Читать «Покой» онлайн - страница 209

Ахмед Хамди Танпынар

Однако Мевляна был прав: первой тайной нея была грусть. Если однажды провести такой же смелый анализ для звуков саза, как тот, что Рембо сделал для своих «Гласных», то, без сомнения, можно обнаружить в этой самой простой из османских мелодий цвет тоски вечерних сумерек. Его не следует сравнивать или смешивать с изумрудно-зеленым или кроваво-красным звуком флейт и кларнетов в европейской музыке, или даже с теми странными охотничьими посвистами манков, которые столетиями испытывали на прочность психику животных. Они многократно теряют в естественности и уступают в тоске, которая важна как один из основных оплотов искусства в потребности что-то создать и познать в нематериальном мире. Ведь ней занимает место того, чего не существует, и идет по его следу.

Почему большая часть нашей духовной жизни состоит из этой тоски? Неужели мы ищем океан, в котором мы были созданы в виде крошечной капли? Неужели мы стремимся к покою материи? Неужели мы плачем по тому в нас, что осталось в прошлом и исчезло, из-за того, что мы являемся детьми времени, сплавились в его горне, покорились ему? Неужели мы и в самом деле следуем за каким-то совершенством? Или мы жалуемся на законы тирана Хроноса?

Должно быть, искусство заставляет эту тоску сильнее всего говорить в нас, и это происходит по закону, который работает в тот переходный, мало кому видный момент, который суфии называют халь и который в одно мгновение разрушает то, что создала музыка; и ней является красноречивым инструментом этого мига.

Возможно, Деде начал свой айин бейтами из «Месневи», которые повествовали об этой тоске, потому что сам ощущал ее в своей душе. Четырехступенчатый строй «Деври-кебира» доводил человека до порога этого мира, потому что здесь он не ограничивался некоторым воздействием на человека, как это обычно бывало в любом вступлении к любому османскому произведению; он ловил его, срывал с места, менял и делал из него своего рода сосуд, который вне пределов обычной реальности должен принять в себя смерть, очень непохожую на обычную смерть души и тела, смерть, полную страшных воспоминаний о жизни. Нет, этот мир больше не был миром желтых роз, лепестки которых развеяны ветром, миром разбитых сосудов света с расплавившимися изумрудами и агатами лунной ночи над стамбульским кварталом Бюйюкдере. Эта новая тоска не имела никакого отношения к смерти, но имела отношение ко всему, что было связано с жизнью. В ней не было никаких острых краев, которые могли бы ранить человека страданием.
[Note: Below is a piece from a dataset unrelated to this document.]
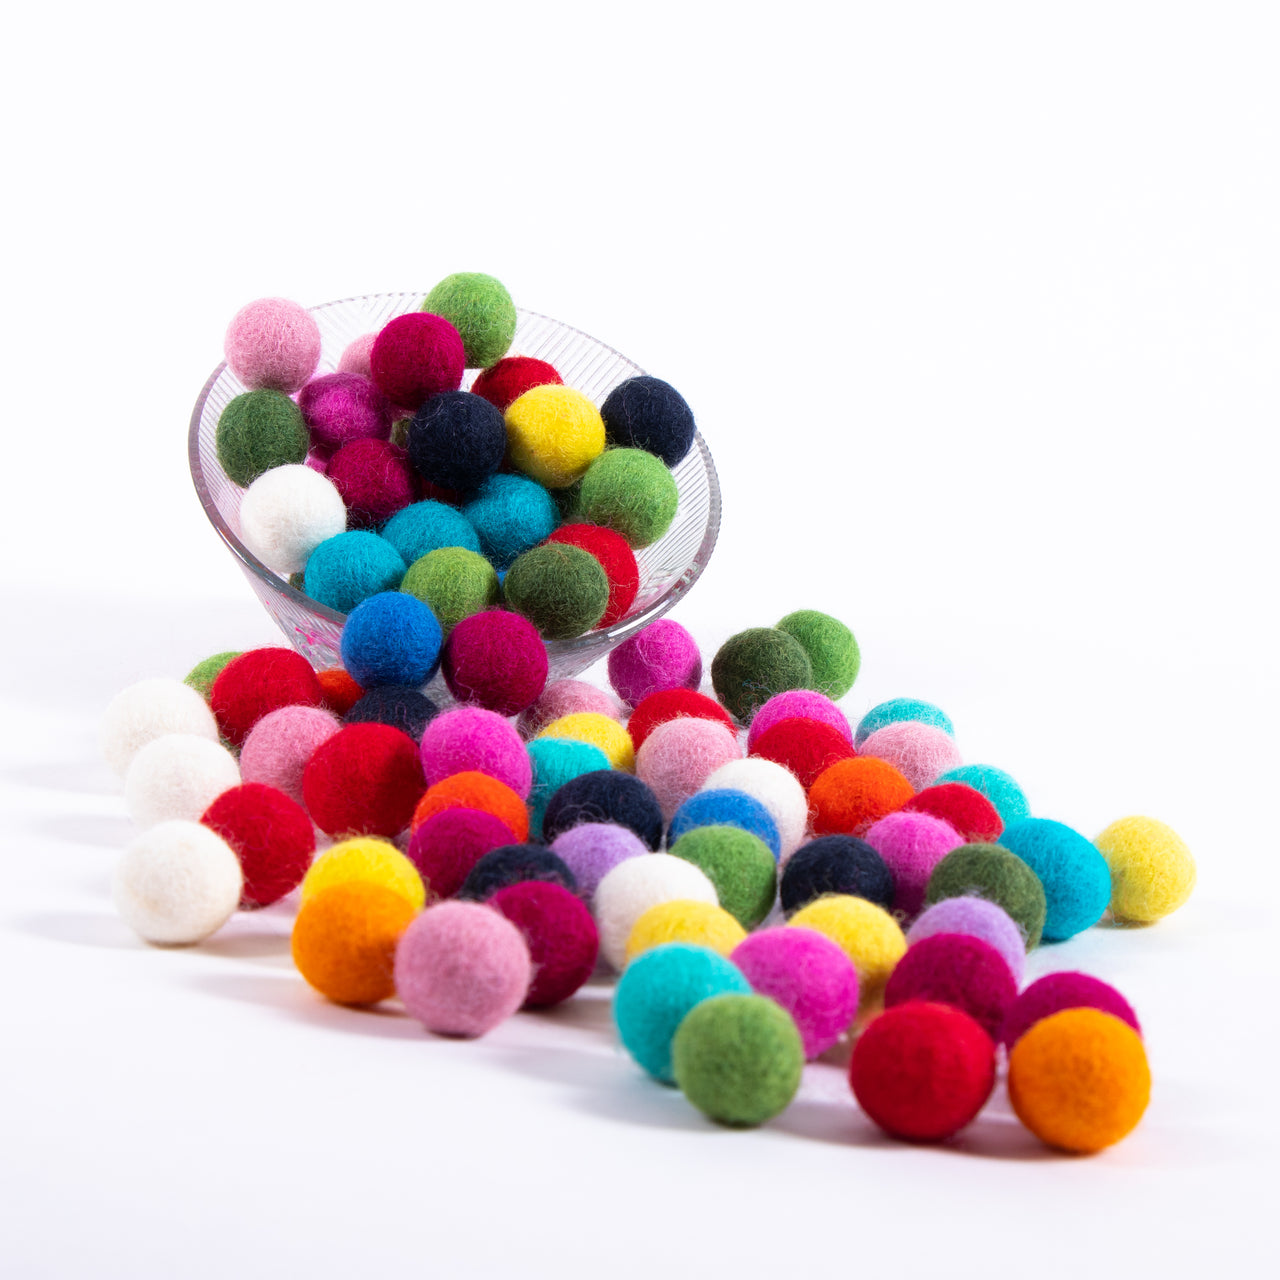 Luckforest Natural Wool Felt Balls Pom Poms, 30 Pcs 15 Colors for Crafts, Garland, Felting, Baby Mobile, and Decor 0.8 inch Nepalese 100% New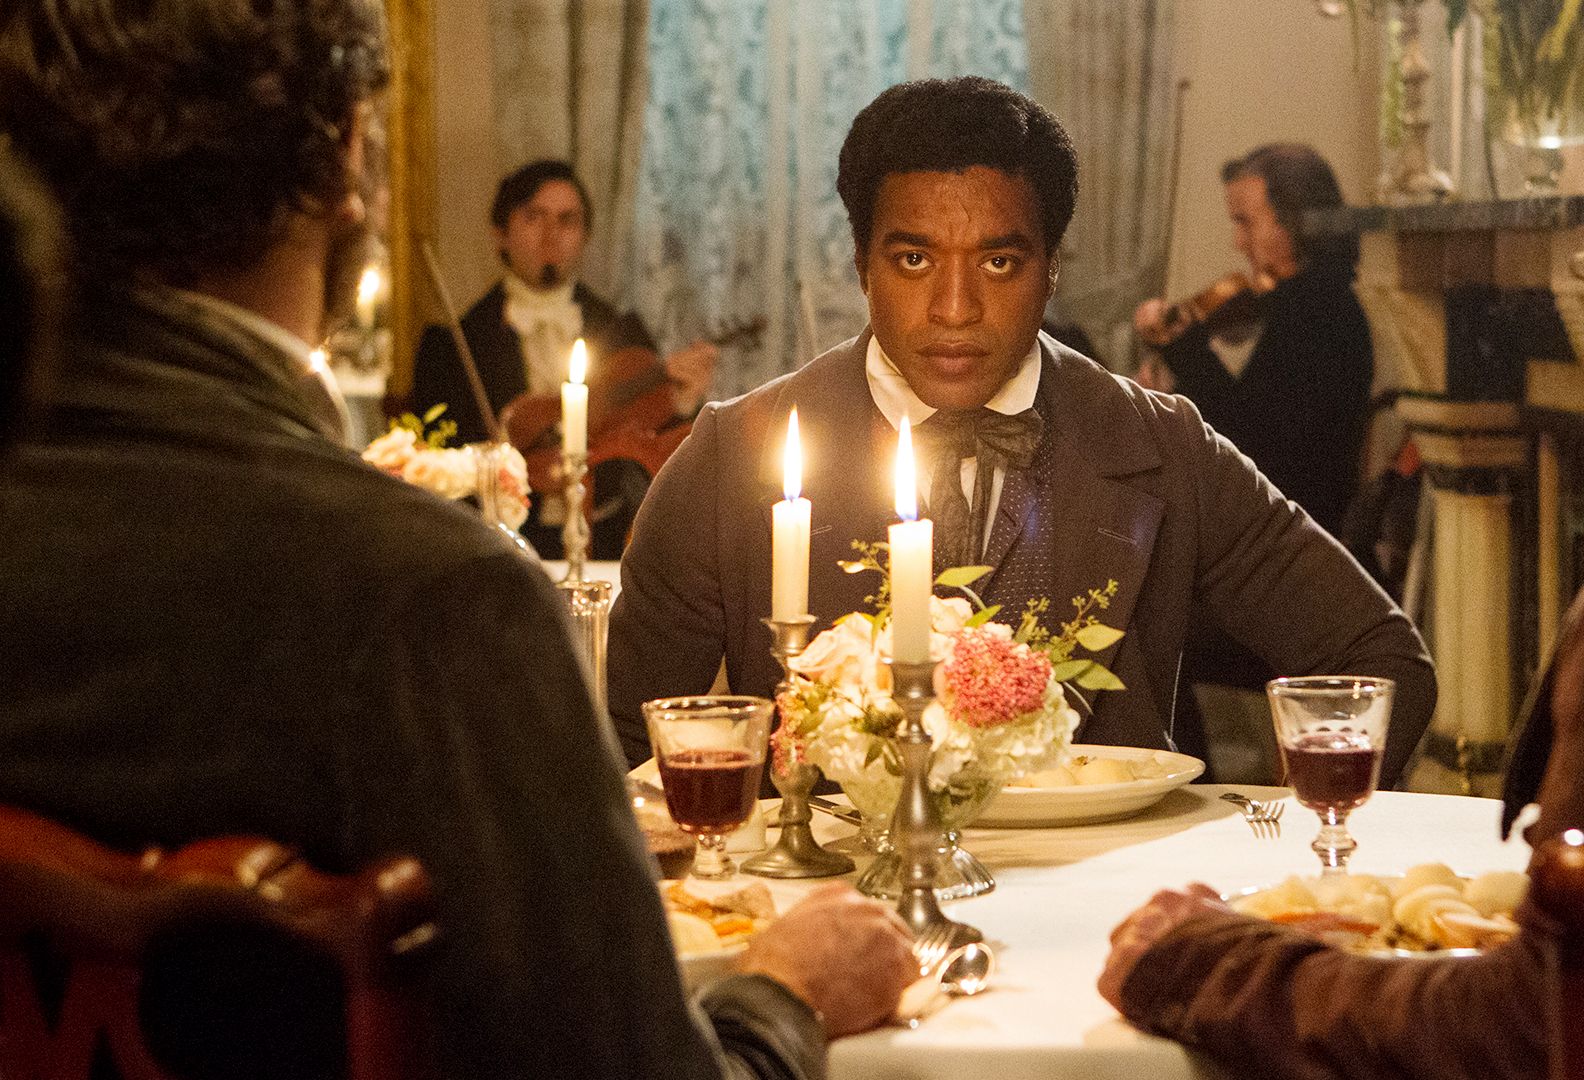 Dinner in 12 Years A Slave

Словно бы Нуран каждое мгновение пробуждалась в незнакомом месте; менялась в ритме огненной пляски, становясь тысячью предметов (но каких предметов?); затем, в том месте, где макамы совершали поворот, медленно надевала на себя одно из раззолоченных облаков; погружалась в нем в таинственный сон; а затем вновь выскальзывала из-под края этого тяжелого покрывала, словно бы шафрановый луч солнца, тот коралловый луч, который пробивается из вечерних облаков; вновь собиралась, сама того не замечая, в другом месте; вновь в поразительном танце становилась простым бриллиантовым миром; расширялась, разрасталась, разделялась на части, улыбалась во всех вещах, уже не будучи собой либо еще оставаясь собой; умножалась, доходила до предела невозможного, и там осыпалась ветка за веткой, лист за листом, словно пожелтевшая осень. Если бы не было тяжелой, казалось, шедшей из глубин земли, стиравшей сотни тысяч смертей на своем пути гармонии тамбурина-кудюма, то мелодия бы полностью улетучилась, утратив всякую материальность. Однако эта глубокая гармония показывала дорогу по приглашению переставшего быть нашим времени, мимо ежемоментно меняющихся предметов, к собственной сути, которая уже собственной не являлась; в ее глубинах раскрывались некие завесы, сопровождаясь тайными чудесными знаками, и на ура, словно будучи частью двойственной души, следовала за ней в поиске себя самой, второй половины своего «Я», а может быть, и всей себя, в изменчивости мира, состоявшего из простых сущностей.